Der SPD-Spitzenkandidat Nils Schmid erklärte sich bereit, eine Koalition unter Führung der Grünen mitzutragen. Schmid sagte: "Wir haben es geschafft, der Wechsel ist da." Schwarz-Gelb sei abgewählt worden. Es gebe einen "klaren Regierungsauftrag für SPD und Grüne, den wir gemeinsam annehmen werden". Man werde "auf Augenhöhe" zusammenarbeiten.

Amtsinhaber Mappus räumte seine Niederlage bereits ein. Er wünsche der bisherigen Opposition aus SPD und Grünen "für die Erfüllung des Regierungsauftrags alles Gute", sagte Mappus. "Es ist ein bitterer Tag für die CDU in Baden-Württemberg, und es ist ein bitterer Tag für mich persönlich." Er kündigte noch am Abend eine "personelle und inhaltliche Neuausrichtung" an. Die Vorschläge dazu werde er heute den Gremien unterbreiten. "Die Verantwortung trägt der Spitzenkandidat", sagte Mappus. "Es war wahrlich kein leichter Wahlkampf", sagte der bisherige Regierungschef. Man habe immer wieder neue Rückschläge erleiden müssen, darunter die Proteste um Stuttgart 21, den Guttenberg-Rücktritt, den Streit um das Energiekonzept und die Atomkatastrophe in Japan. "Die Ereignisse der letzten Tage von Berlin aus waren auch nicht gerade hilfreich", sagte Mappus - ein Hinweis auf die Äußerungen von Bundeswirtschaftsminister Rainer Brüderle (FDP), das Atom-Moratorium diene nur dem Wahlkampf.

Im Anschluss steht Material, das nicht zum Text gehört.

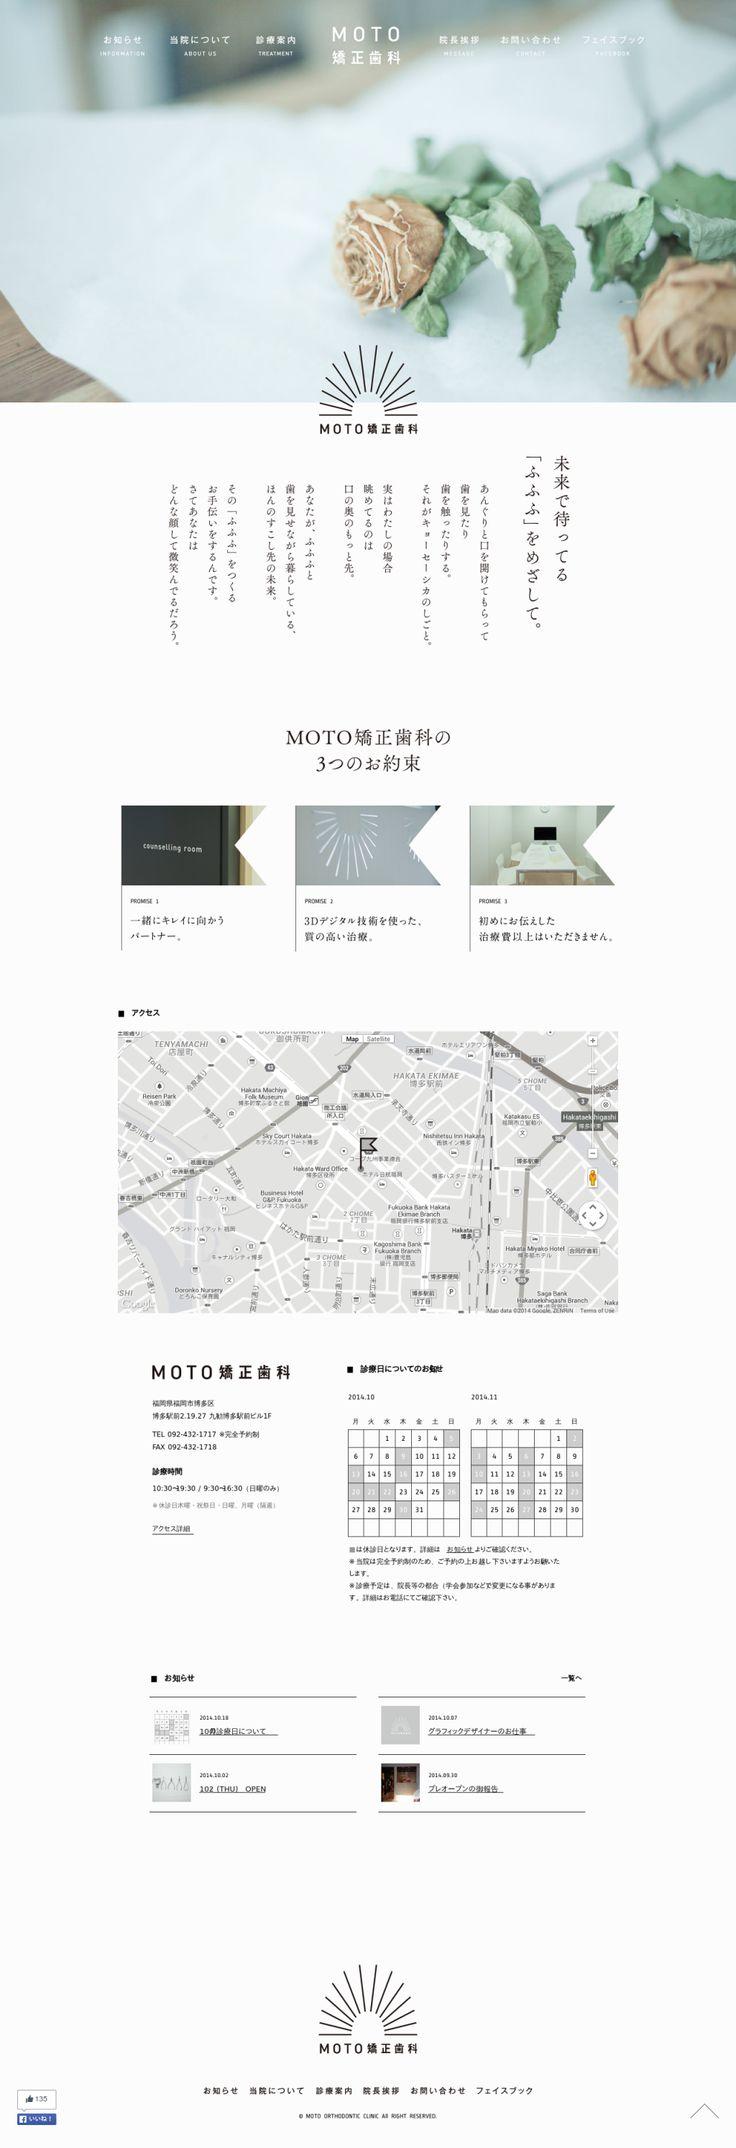 MOTO矯正歯科 (矯正歯科) http://moto-od.jp/

Auch der baden-württembergische CDU-Generalsekretär Thomas Strobl sieht im Japan-Unglück ein wesentliches Element der Niederlage: "Die Landtagswahl ist in Japan entschieden worden", sagte er. CDU-Landtagsfraktionschef Peter Hauk machte bereits deutlich, dass er trotz der Niederlage seiner Partei im Amt bleiben will. "Ich werde mich wieder um das Amt bewerben", sagte der 50-jährige Hauk. Damit deutet sich bereits ein Machtkampf um die Führungspositionen in der künftigen Oppositionspartei an. Baden-Württembergs FDP-Vorsitzende Birgit Homburger gestand eine deutliche Niederlage ihrer Partei im Südwesten ein. "Wir haben die Wahl klar verloren", sagte Homburger. Es zeichne sich ab, dass ihre Partei künftig nicht mehr mit der CDU regieren werde. Zu möglichen personellen Konsequenzen wollte sie sich nicht äußern. Für eine Personaldiskussion sei es noch zu früh. Zunächst müsse in den Gremien über das Ergebnis beraten werden.

Der hessische FDP-Vorsitzende Jörg-Uwe Hahn forderte jedoch Konsequenzen für das schlechte Wahlergebnis seiner Partei "Diese Entscheidungen der Wähler sind nicht nur schmerzlich für jeden Liberalen. Sie sind auch ein klares Signal. Wir müssen dieses jetzt verstehen", betonte Hahn. Auf dem FDP-Bundesparteitag im Mai würden "die alten Wahlerfolge und die neuen Wahlniederlagen, inhaltliche und personelle Verantwortungen" die beherrschenden Themen sein.

Laut Wahlanalysen der ARD haben es die Grünen geschafft, rund 265 000 Nichtwähler für sich zu mobilisieren, die ihnen ihre Stimme gaben. Erstmals in ihrer Geschichte ist es der Landespartei zudem gelungen, Direktmandate zu gewinnen. Kandidaten der Grünen setzten sich in Wahlkreisen in Stuttgart, Mannheim, Freiburg, Tübingen und Heidelberg gegen die Konkurrenz aus den anderen Parteien durch.